Top of Provided records
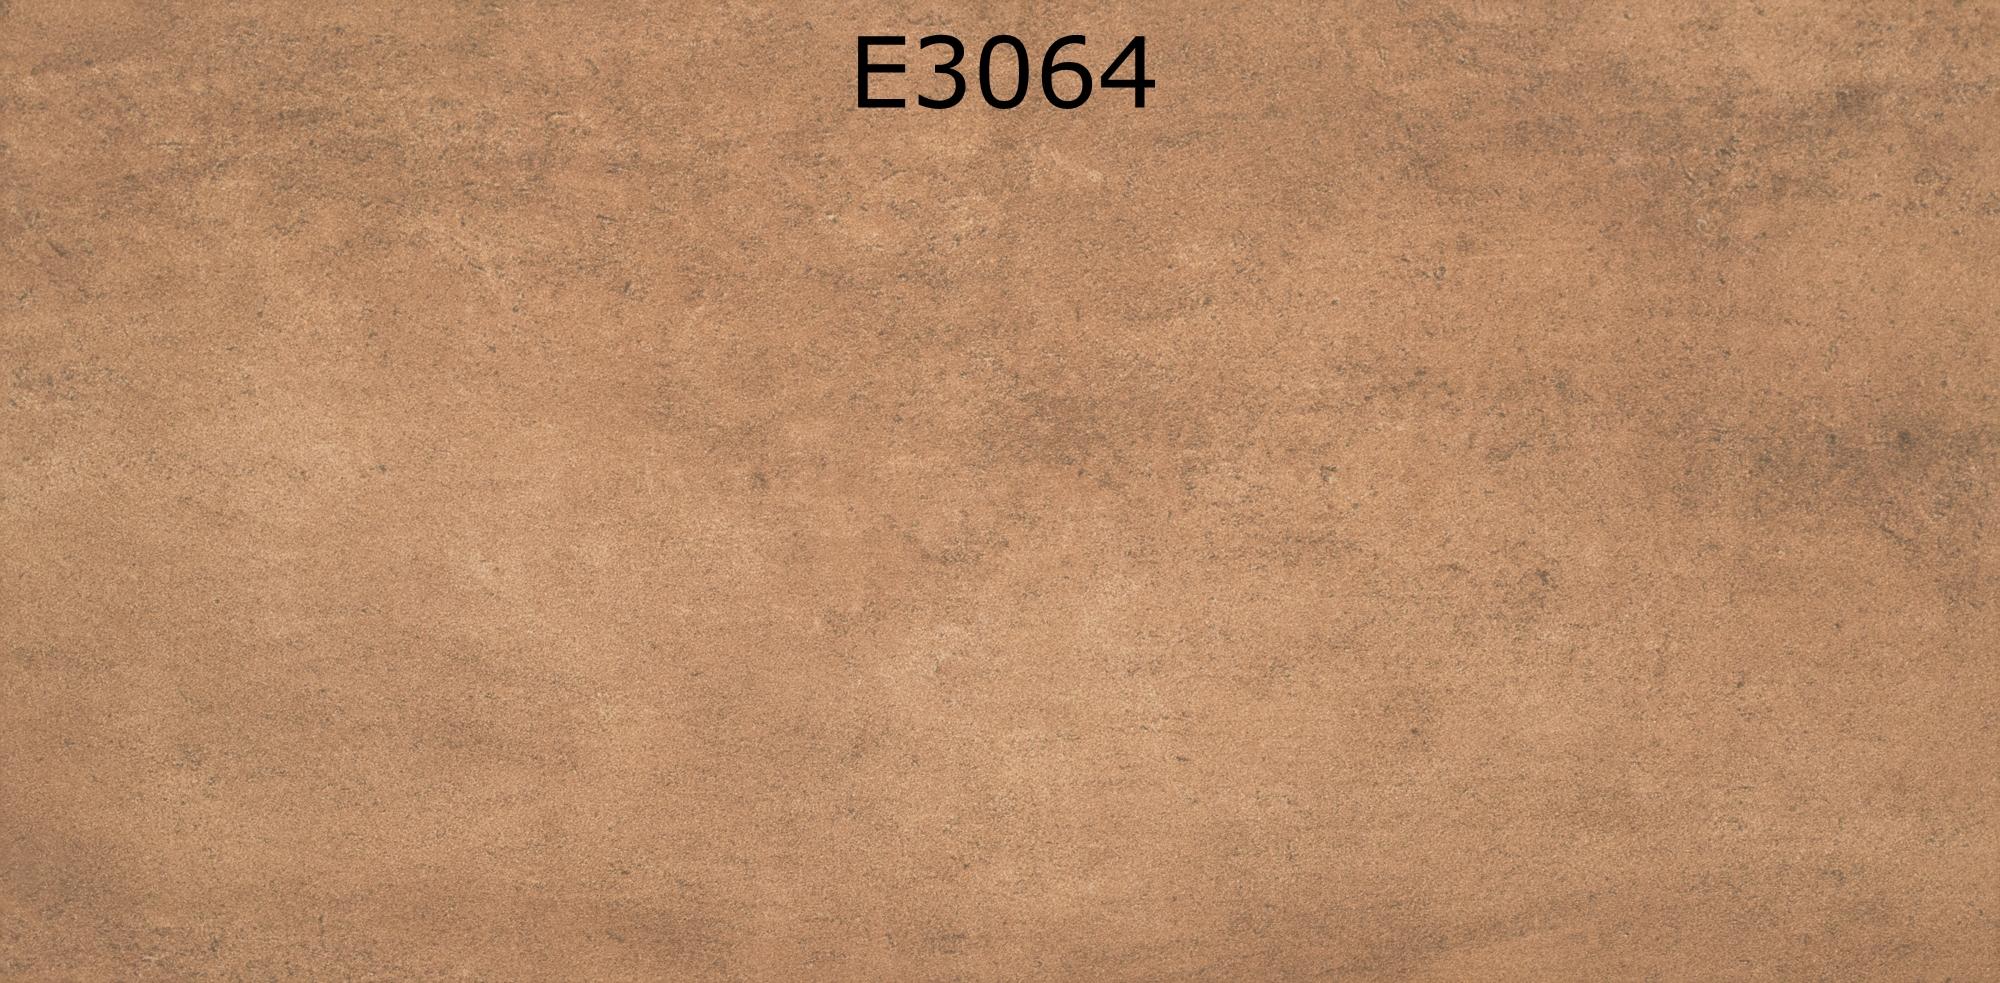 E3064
Bottom of Provided records
Top of Provided records
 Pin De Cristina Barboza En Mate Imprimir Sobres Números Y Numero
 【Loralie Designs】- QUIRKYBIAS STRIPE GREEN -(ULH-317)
Bottom of Provided records
◆ What needs to be done: Of the lines above, extract only those from the line with "Pin De Cristina" to the line with "STRIPE GREEN -(ULH-317)", both included, exactly as written.

◆ Task output:
 Pin De Cristina Barboza En Mate Imprimir Sobres Números Y Numero
 【Loralie Designs】- QUIRKYBIAS STRIPE GREEN -(ULH-317)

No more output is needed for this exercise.